I use this one from Amazon. I love it. My dog is a Golden mix and not super heavy coated. I was shocked at how much undercoat comes out of him each time I use it. I had a lab/spaniel mix foster dog that shed like nothing I have ever experienced before. I start using the rake on her and after 4 times of using the rake and a slicker brush her shedding almost disappeared. Plus it only costs $9.99.

Amazon.com : MIU COLOR® Professional Pet Grooming Undercoat Rake Comb, Dematting Tool, 11 Teeth Wide(Blue) : Dematting Comb For Cats : Pet Supplies


----------



## NewfieMom (Sep 8, 2013)

murphy1 said:


> I think I'm going to return the Furminator and get some of the other items mentioned.
> 
> Thanks to all!


Good luck.
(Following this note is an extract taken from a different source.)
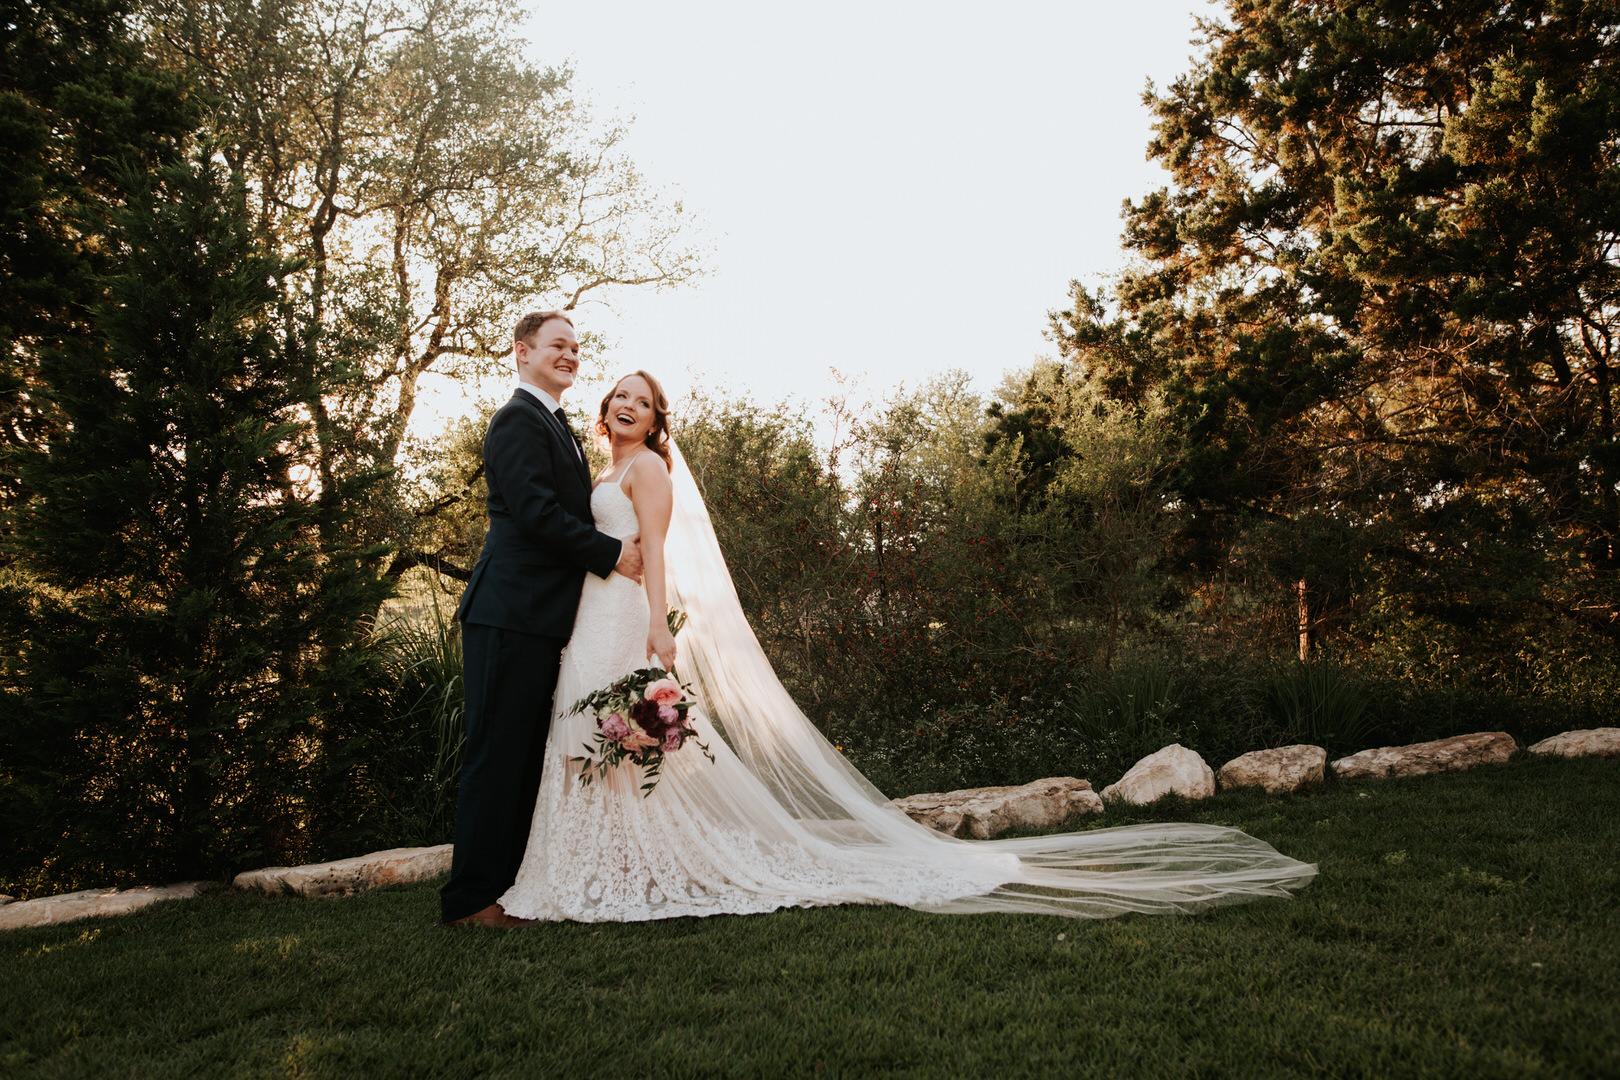 Lexi + Travis Wedding - Diana Ascarrunz Photography-543.jpg

I seem to be the only Furminator fan, so I will not endorse it so heartily anymore. Perhaps it is only good for Newfies or only good for *my *very heavily coated Newfie. (He does have a very lush, heavy coat!) This thread turned out to be educational for me, too, even though I will continue to use my Furminator on Griffin!

NewfieMom


----------



## murphy1 (Jun 21, 2012)

I liked the way it got rid of all the extra hair but now i'm afraid of ruining his coat. Thanks Newfiemom.....my friend has a newfie....she's beautiful!!


----------